Тацит был еще более уничижителен в вопросе о школах риторов. Об учащихся, посещающих подобное среднее учебное учреждение, он говорил, что трудно сказать, что является самым пагубным для их интеллектуального роста – само ли место, или их собратья по учению, или же предметы, которые они изучают. Полагалось, что ученики овладевают искусством убеждения и полемики, но какие скверные у них темы для обсуждений! Кроме того, эти предметы столь далеки от реальной жизни, а стиль, в котором они преподносятся, так напыщен. Тацит приводит в качестве примера предложенные темы: «Награда тираноубийце», или «Альтернатива насилуемой девы», или «Лекарство от чумы». Однако за поколение до этого Сенека предлагал такие темы, как «Александр Великий обдумывает, стоит ли ему входить в Вавилон после того, как он получил предупреждение об опасности от предсказателя», или «Цицерон размышляет, сжигать ли ему свои произведения, поскольку Антоний обещает сохранить ему жизнь при условии, если он их уничтожит».
Нельзя сказать, судя по названиям учебных упражнений, задаваемых усталыми наставниками, вынужденными год за годом пытаться находить новые и интересные темы, что они были такими уж важными, и перспектива «пира» разума, возникающая из подобных упражнений, вряд ли могла считаться оправдывающей ожидания. Как заметил Тацит, трудно ожидать от зеленых студентов зрелости суждений, необходимой для многих полемических тем [13]13
Они назывались «контроверсиями», то есть вымышленными судебными делами. Это было любимое упражнение в риторских школах, в котором выступало два ученика – один в роли обвинителя, другой – защитника.
[Закрыть]. Вне всякого сомнения, существуют другие менее поверхностные примеры, но во времена императорского абсолютизма или деспотизма, которые превалировали на протяжении большей части римской истории после Юлия Цезаря, свободное обсуждение политических вопросов, таких как свобода личности или демократическое правление, могли быть столь же опасными, как сегодня в коммунистических полицейских государствах.

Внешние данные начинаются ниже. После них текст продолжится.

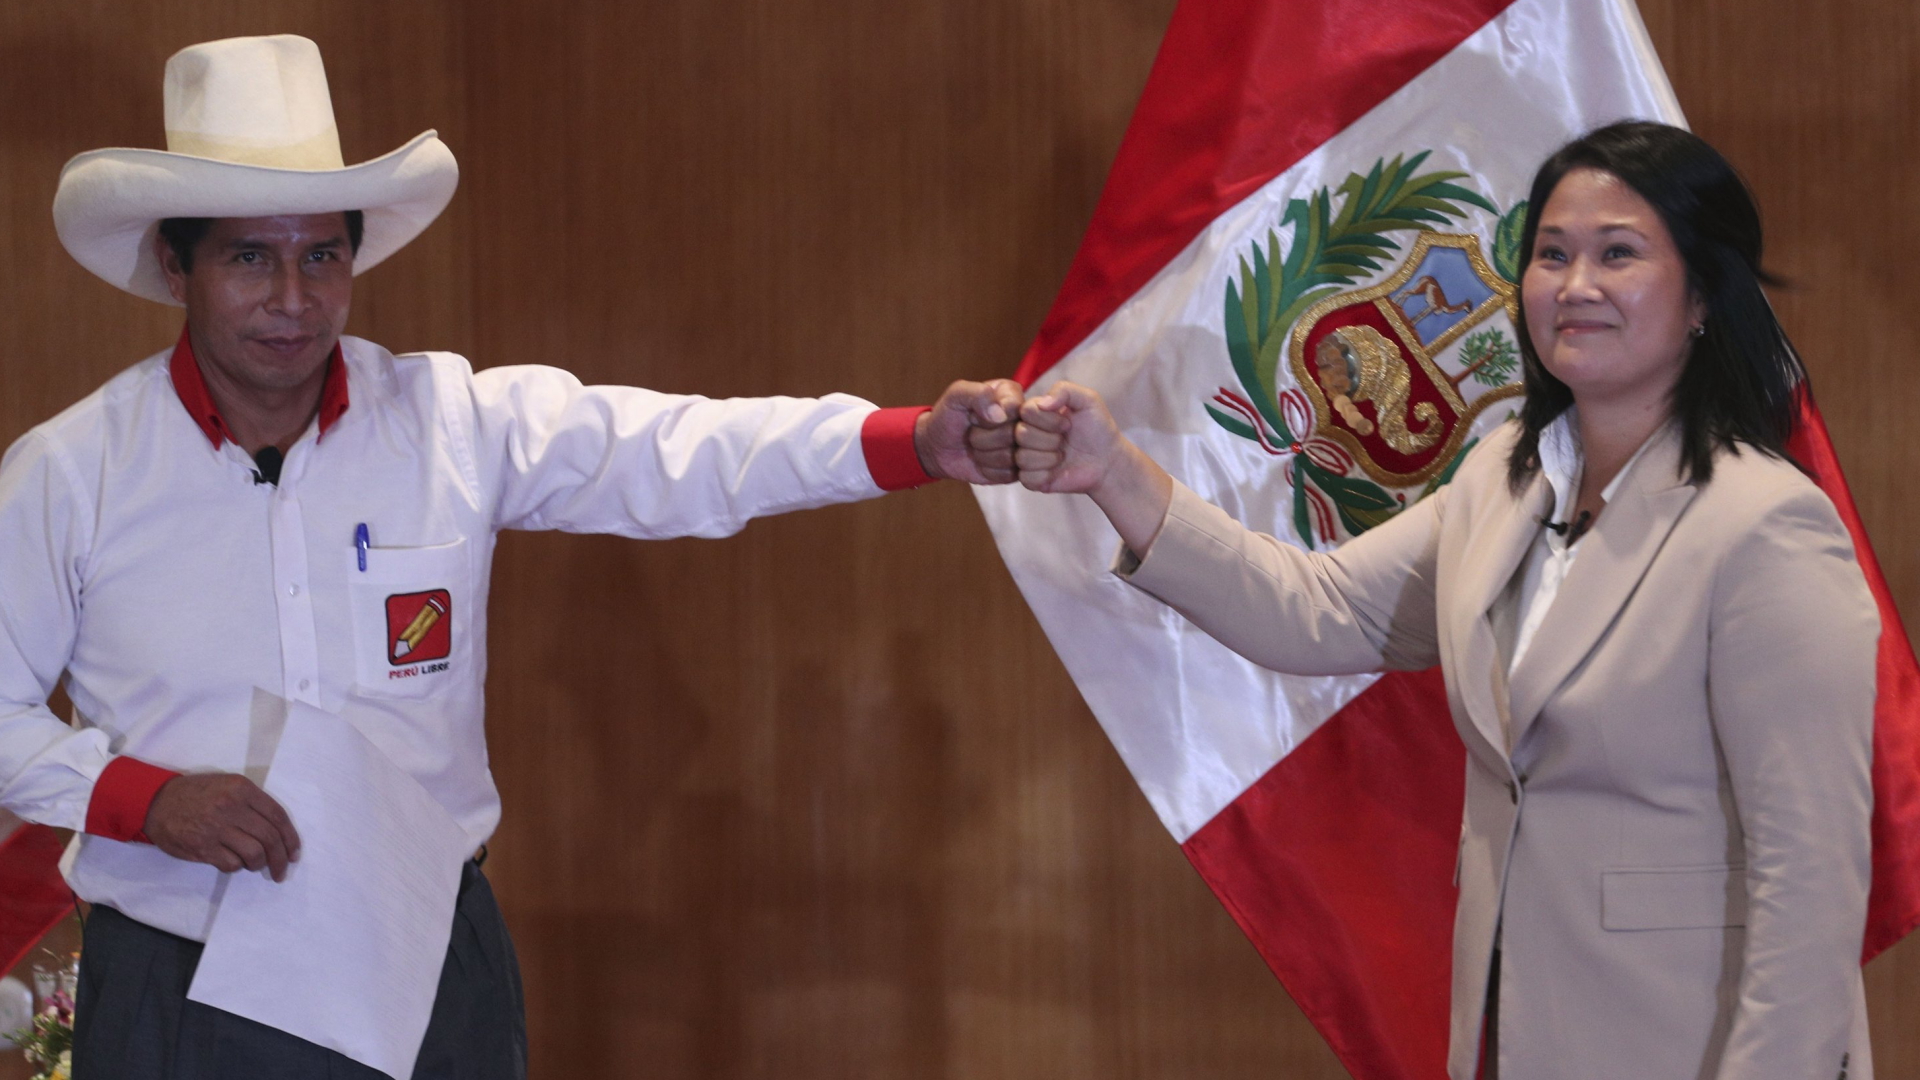 Präsidentschaftskandidaten Castillo und Fujimori begrüßen sich auf einer Wahlkampfveranstaltung in Lima (Peru) mit der Faust | AP

Даже из такого краткого сообщения очевидно, что стремление усовершенствовать интеллектуальный и моральный уклад римского народа никоим образом не было реализовано полностью. Образование ценилось за его практическую помощь в повседневной деятельности. О литературе и ораторском искусстве судили по их способности помочь человеку выиграть судебный процесс или перетянуть на свою сторону толпы избирателей. Музыка была хороша только тогда, когда несла призыв или могла ускорить какой-то мужской род деятельности, такой как борьба. Представление греков о том, что образованная и культурная жизнь сама по себе вещь неплохая, поскольку она подразумевает некоторую степень активного желания постичь истину, ценить и создавать прекрасное, а также достичь достойного с точки зрения морали поведения в человеческих отношениях, не очень привлекала практичных римлян.
Глава 3
СЕМЕЙНЫЙ УКЛАД
ДУХ СЕМЕЙНОЙ ЖИЗНИ
Не было ничего священнее, что охранялось бы более надежно всеми религиозными инстинктами, чем дом каждого отдельного римлянина. «Такова, – говорил Цицерон, – была традиция отцов республики», и ее долгое время придерживались. Среднестатистический римский дом для нас не показался бы очень удобным, но это не имело значения для римлянина, который, по крайней мере во времена империи, предпочитал проводить большую часть своего времени вне дома, прогуливаясь, сплетничая в термах или в цирке, амфитеатре или театре. Затем он приходил домой на обед, основной дневной прием пищи. Для большинства обед проходил в кругу семьи, после чего оставалось не так уж много времени, если только летом, чтобы снова выйти из дома до наступления темноты, когда это могло быть опасно из-за хулиганов и грабителей в узких улочках и большого движения колесного транспорта, которое по приказу Юлия Цезаря дозволялось в Риме только по ночам.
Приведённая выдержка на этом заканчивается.